Remember the PE coach you had when you were a kid? Middle-aged fellow, hated life, perhaps kicked a dog or two along the way, worked the night shift at Denny’s perhaps. Or what about the trite, hackneyed maxims that he would yell… “It’s gut check time!” (Good, so allow me to punch you in the Amstel Light-inflated stomach)… “Give me a 110 percent!” (If I gave you such a percentage, might that buy you a new pair of Sansabelts?)… “Feel out the opponent!” (Frankly, I believe that’s a felony in some states)…
It was these overused sentiments that turned a nation of youths off team sports and, who knows, maybe are a contributing factor to this country’s obesity epidemic among the prepubescent set. Such garbage made me secretly hope Coach Airhead would find his karma when he suffered a paper cut while attaching his signature to that President’s Physical Fitness (thanks for running the mile and doing a chin-up) certificate. As if that didn’t make you want to impale someone with one of those cheap plastic team trophies, the art form known as the cliché continues in all walks of society. Corporate executives preaching team unity, the doctor imploring you to execute before he gives that empty plastic cup for a urinalysis, and even the teller at the bank telling me I have to make some adjustments.
If you have flipped on a sporting event at some point in your life, the cliché is more omnipresent than a Duke University thesis. From the abomination that is the press conference to the coach’s interview and the in-game observations, maxims, platitudes, and truisms are as ever-present as the inevitable Cialis ad (by the way, a case of priapism would send me running to call Ripley’s, not a doctor). How wonderful it is to watch an overjoyed/dejected athlete talking about how they answered the bell — better go see an ophthalmologist about that, I didn’t hear anything — or how they were outplayed and beaten by a better team. Really? I certainly keep thinking the Washington Generals’ victory is right around the corner. Don’t forget the other phenomenon, the reporter running up to the coach at some point in the game to get some reaction along the lines of “Our offense (or defense) needs to step up (or has played well).”

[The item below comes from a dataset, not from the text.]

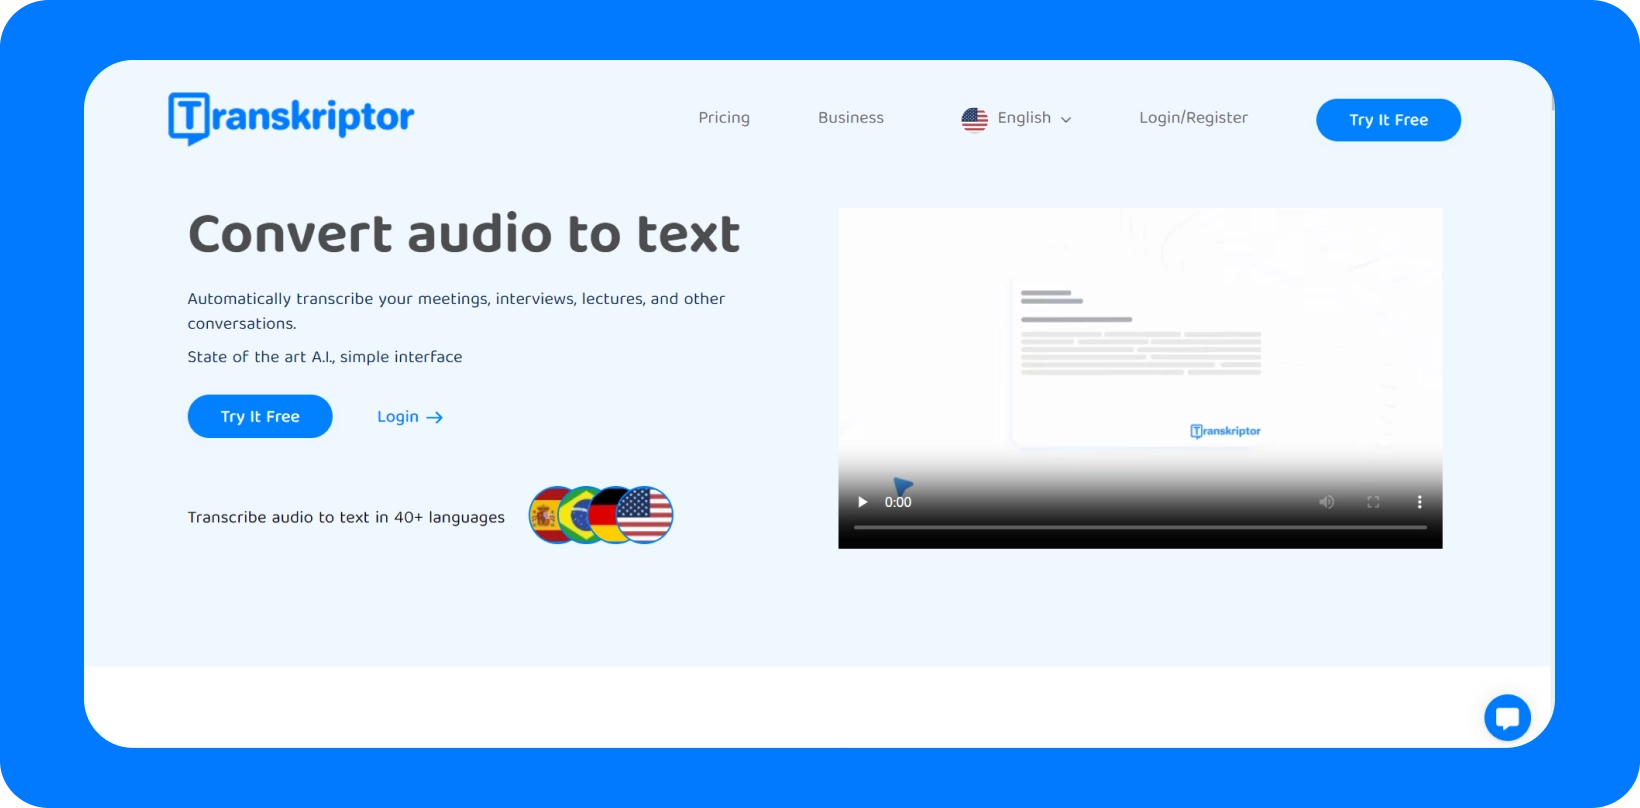 واجهة Transkriptor تعرض خدمة "تحويل الصوت إلى نص" مع دعم متعدد اللغات.

The funniest part of the whole coach/athlete cliché paradox is that the minute someone says something that is not in the script, it makes headlines. Analysts ascend their ivory tower like some sort of sports version of Rapunzel to decry the guaranteed win or “bulletin board material” that has been uttered. There once was a day where coaches and managers had such a relationship with the media, statements that, today would give sports analysts the vapors, were de rigueur. These missives have gone the way of the handlebar moustache (thanks Jim Bouton!). What we are left with is some sort of insight that looks like a player is saying something without really saying anything. My favorites are “you gotta give ‘em credit” and “it is what it is.” Of course, it is what it is. Thanks, good sir, but I know circular logic when I hear it! I think former President Clinton can claim credit for that one, when he suddenly forgot what the definition of is, is (as if there needs to be one). It’s gotten so bad that even the bastion of reliable information, Wikipedia, even has an entry on sports clichés (in addition to one on asparagus pee, of course).
By now you understand that athletes have to take it one day at a time, one game at a time, one minute at a time, one second at a time, one molecule at a time, one atom at a time, one quark at a time… Yeah, and there’s no I in Teemu, either, kemosabe… In the event that you will be watching some sporting event in the near future, please be advised that you will subjected to a cliché machine, so prolific that it will rival the output of James Patterson. So, if you’re in the driver’s seat, be careful you don’t burn out the clutch.
What can be done about this? Absolutely nothing. But, I make a vow to protest the glut of inane minutiae… I will: look 3 months ahead, get lackadaisical, go for the peripheral (NOT the jugular), be a slightly lighter horse, show flashes of mediocrity, make sure I’m on a different page (maybe the table of contents or appendix), lower the bar, have such bad chemistry with cohorts that the lab will explode, run on extra low octane (like Cosco select), make sure to be have plenty of shallowness, and go from worst to abominable. Because, folks, I have no swagger, I put up small numbers, the only weapon I have is a cat pistol, and, for goodness sakes, I’ve never been on a mission… I’m Jewish, for crying out loud!
Danny Lee has been involved in sports media for over seven years … While at UCLA, he turned his grade school doodles into a position with the Daily Bruin, and continues his diatribes to this day.